Transcriptome data alone, however, is unlikely to capture all protein coding genes, and the 13,934 genes models produced by MAKER2 using only mRNA-seq data likely represent around 80% of all genes within this genome. When using all available ESTs together with mRNA-seq reads and the Uniprot/Swiss-Prot protein database (after excluding any existing S. mediterranea proteins), MAKER2 produced 17,883 gene models, 52% of which encode Pfam domains and have overlapping support from multiple data sources, indicating that that these 17,883 gene models represent a more complete model of the genome than can be obtained from transcriptome data alone.
Interestingly, not only are domain enrichments low for the L. humile and S. mediterranea SNAP ab initio predictions, the gene counts are also greatly inflated. Approximately 15,000 genes are expected for S. mediterranea and approximately 17,000 are expected for L. humile [6,9], both values well below the 63,622 and 420,224 gene predictions produced (respectively) when running SNAP on its own (outside of MAKER2).

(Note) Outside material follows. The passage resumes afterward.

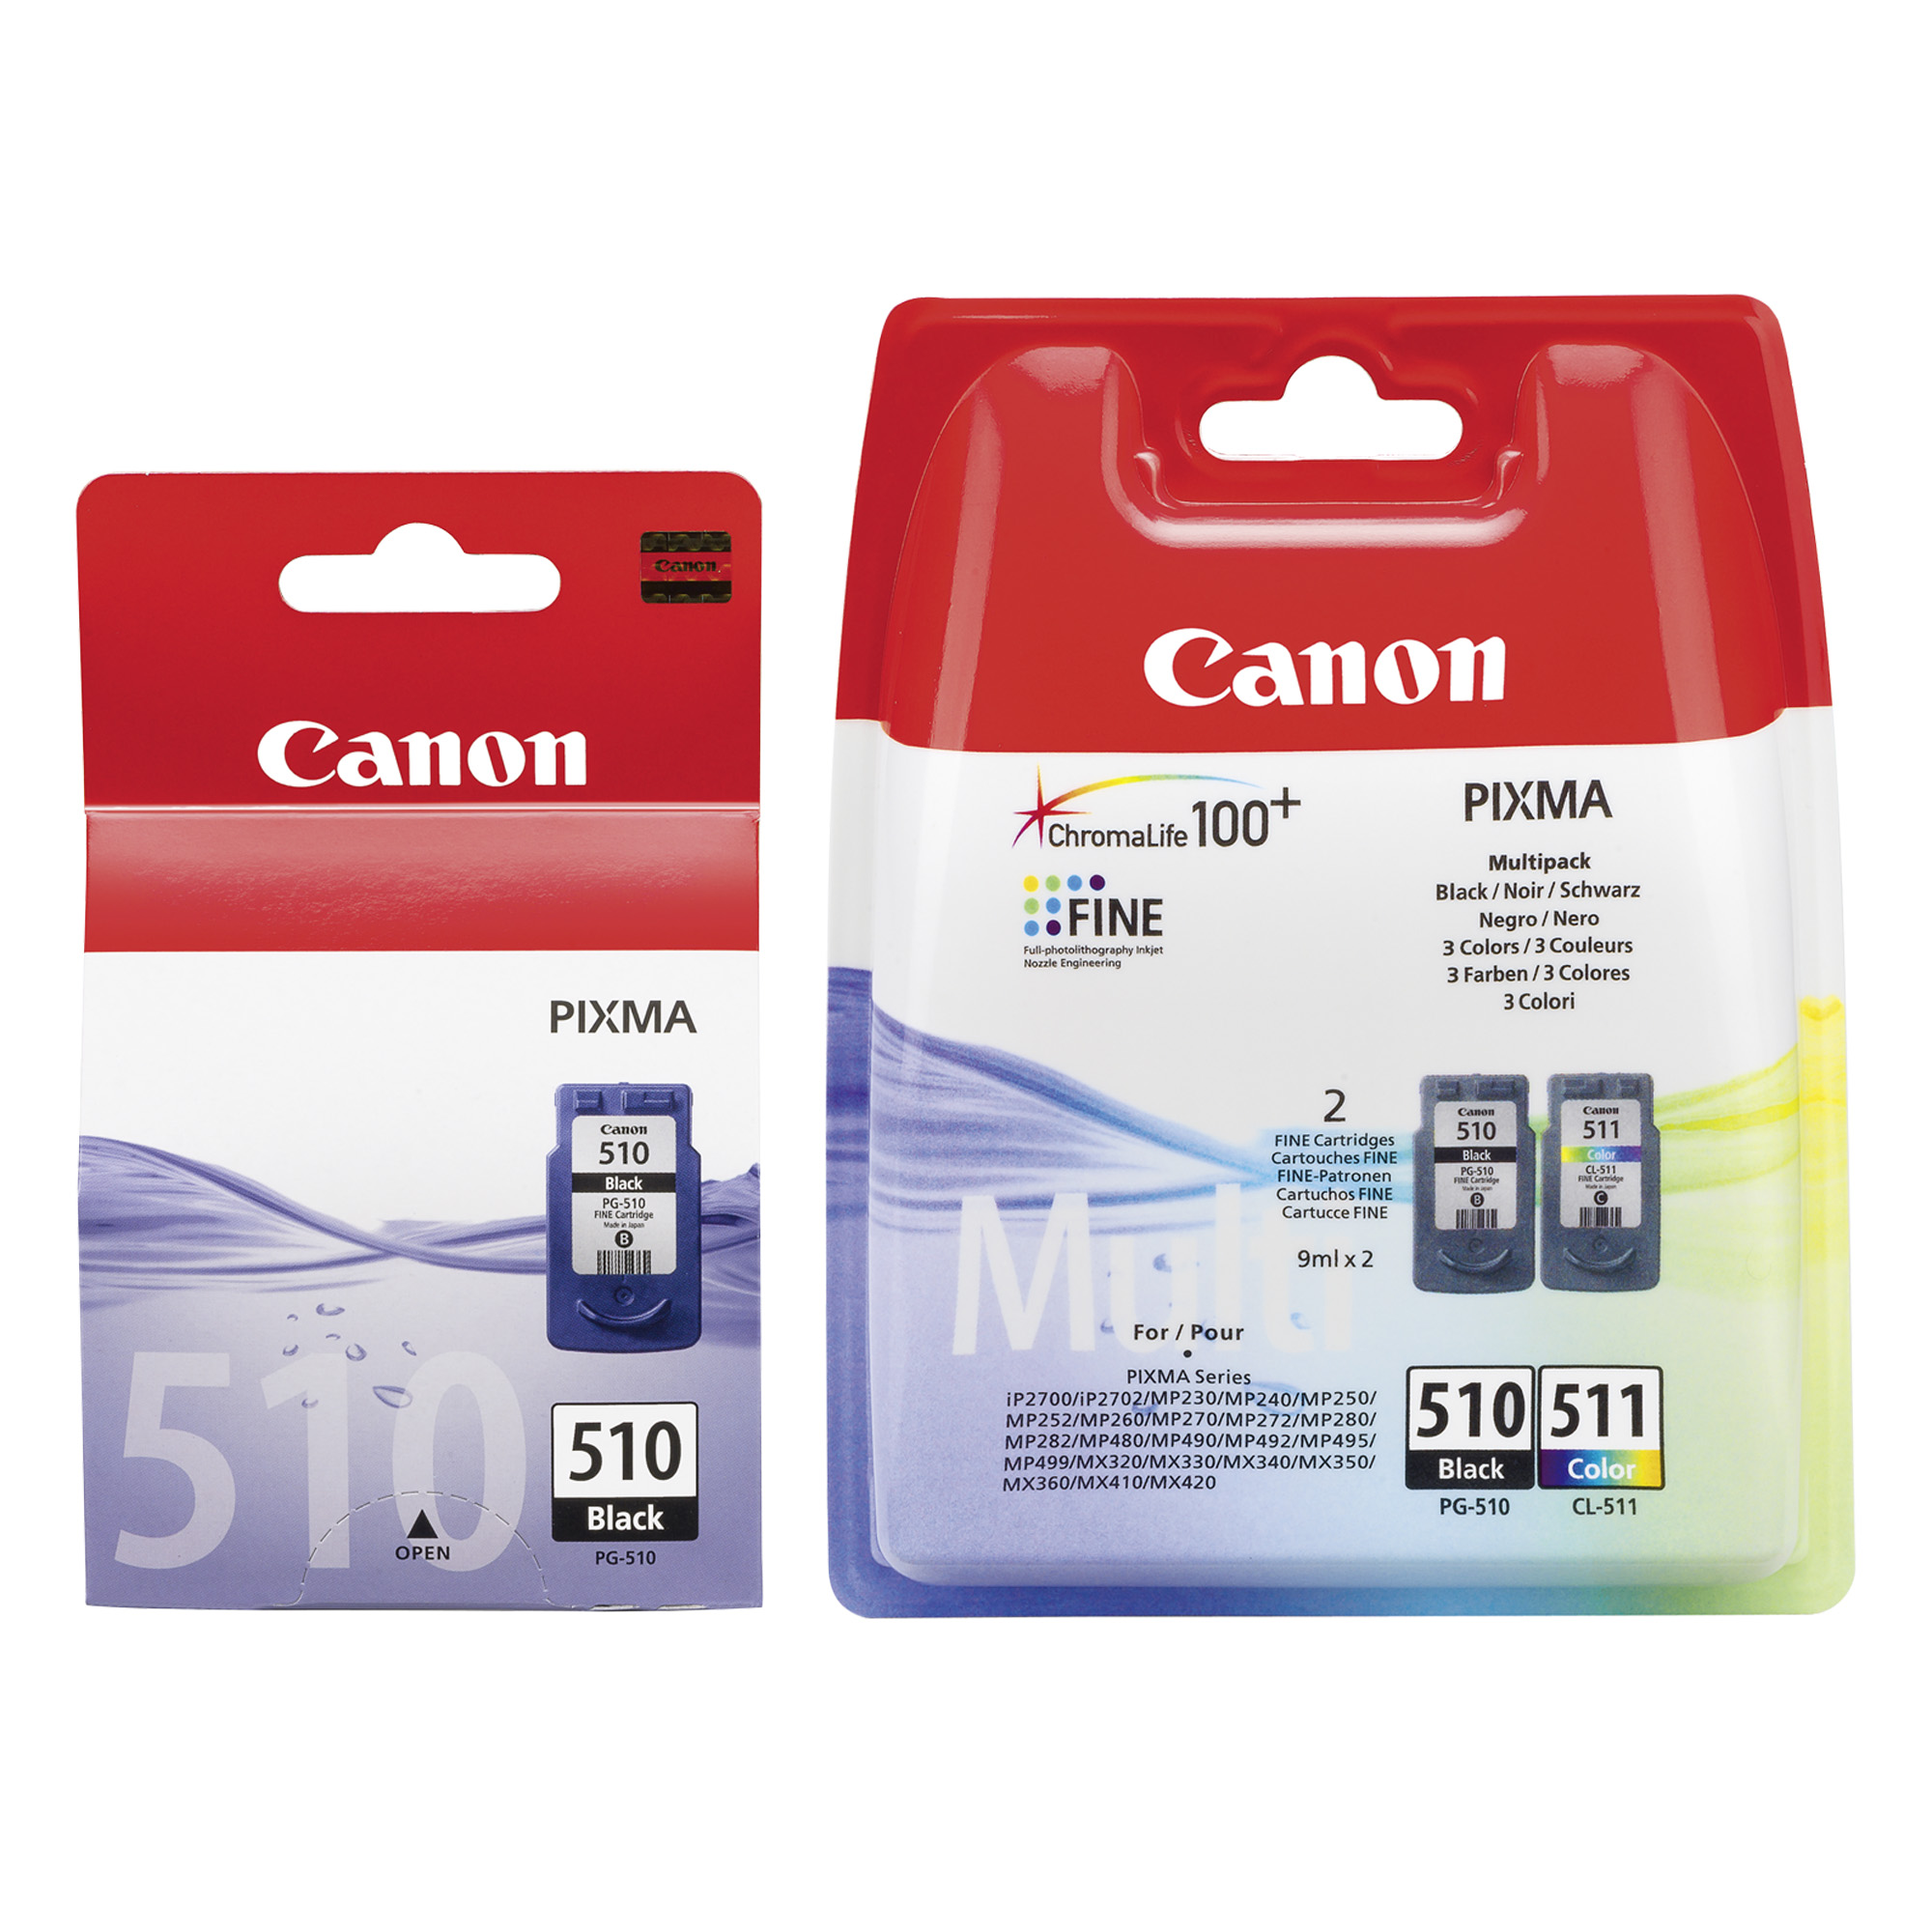 2x Cartouches d'encre pour Imprimante Canon Pixma MP270 - Noir+Tri-Colour

Ab initio gene-predictors have a recognized tendency to over predict, and as these results demonstrate, this tendency can be greatly exacerbated by the limited training data usually available for second generation genomes. In contrast, MAKER2's supervised SNAP-based gene counts are dramatically more consistent with the published expected counts. MAKER2 produced 13,785 gene annotations for L. humile and 17,883 for S. mediterranea (Note this is without further optimization and training of the gene-predictor SNAP).
These results stand in stark contrast to the great accuracy obtained by SNAP on model organism genomes presented in Table Table1.1. They also make it clear that when training data are limited or of low quality, ab initio gene-predictors produce much more reliable results when supervised by MAKER2. This conclusion is also consistent with our earlier analyses where we annotated three model organism genomes using unmatched species parameter files (Table (Table2).2). Additionally MAKER2's use of mRNA-seq reads for annotating S. mediterranea demonstrates that these next-generation data can be effectively utilized by MAKER2 to greatly improve the final gene models.

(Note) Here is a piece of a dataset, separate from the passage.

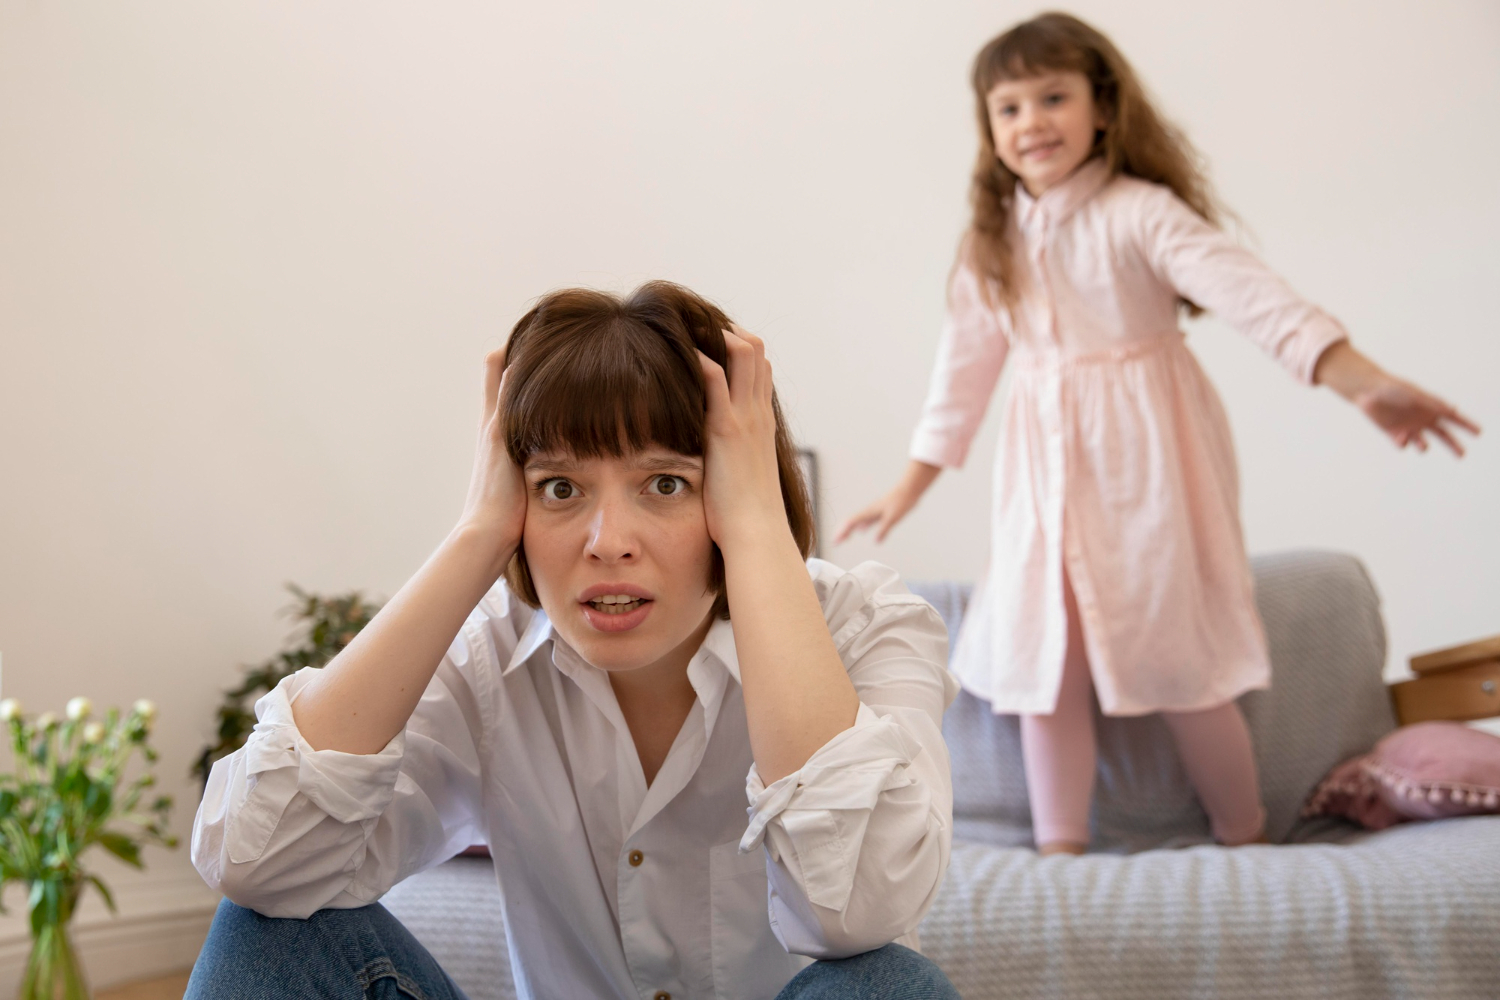 Психиатр Печенкина: непослушание может говорить о расстройстве поведения у детей

As the number of published genomes continues to expand, manual curation and validation of every annotation in every genome is simply infeasible. A more practical approach is to dedicate limited resources and manpower to curation and validation of only those gene annotations most in need of improvement. As we demonstrate below, MAKER2 provides an effective means for automated quality control of genome annotations. Even in cases where the administrators of genome databases have no plans to undertake manual curation, quality control measures are still desirable, as they provide a means for downstream users to judge the quality of an annotation before proceeding with experiments that depend upon the annotation's accuracy for success.
Identifying low quality gene annotations is a challenge not well addressed by existing annotation tools. While quality metrics such as sensitivity, specificity, and accuracy are convenient for evaluating the performance of gene-predictors, they presuppose the existence of reference gene models, which are not available for many newly sequenced genomes. Researchers working with second-generation annotations are thus in need of new quality control measures and annotation management tools.

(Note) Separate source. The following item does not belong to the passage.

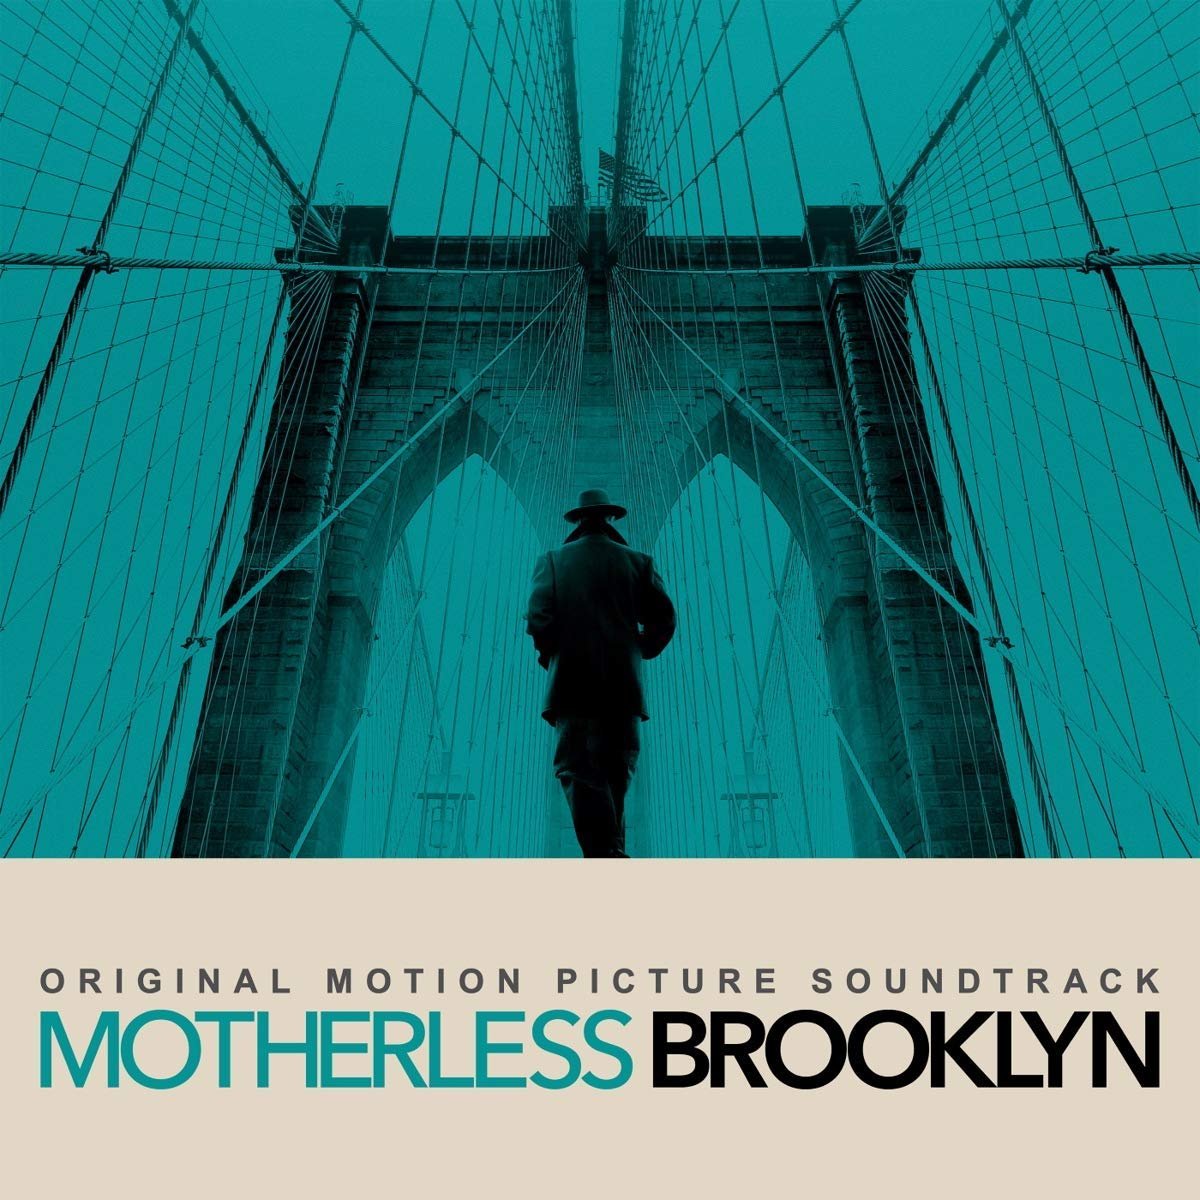 CD Shop - OST / YORKE, THOM, FLEA & WYNTON MARSALIS DAILY BATTLES (FROM MOTHERLESS BROOKLYN: ORIGINAL MOTION

To address this issue, we have adapted the Annotation Edit Distance (AED) measurement, developed by the Sequence Ontology, for use in MAKER2 as an annotation quality-control metric. AED is similar to the sensitivity and specificity measures used to judge gene-finder performance, but it differs in that no reference gene-model is used. Instead AED measures the distance between two annotations (each from a different releases of the same genome), and it makes no assumptions as to which one is the more correct. As originally formulated, AED provides a means to measures changes to a gene annotation from release to release. We have adapted AED for use in MAKER2 as a means to quantify the congruency between a gene annotation and its supporting evidence - EST, protein, and mRNA-seq alignments (see Implementation section for details). As we show in the analyses presented below, MAKER2's AED values provide a very useful measure for annotation quality control.
AED values are bounded between 0 and 1, with a value of 0 indicating an exact match between the intron exon coordinates of an annotation and its aligned evidence and 1 indicating no evidence support. Thus, database managers can use AED to sort gene models from best supported to worst in order to prioritize them for downstream manual review; MAKER2's AED values can also provide a rational basis for how much faith a researcher should put in an annotation before proceeding with downstream bench experiments where success will hinge upon the gene model being correct.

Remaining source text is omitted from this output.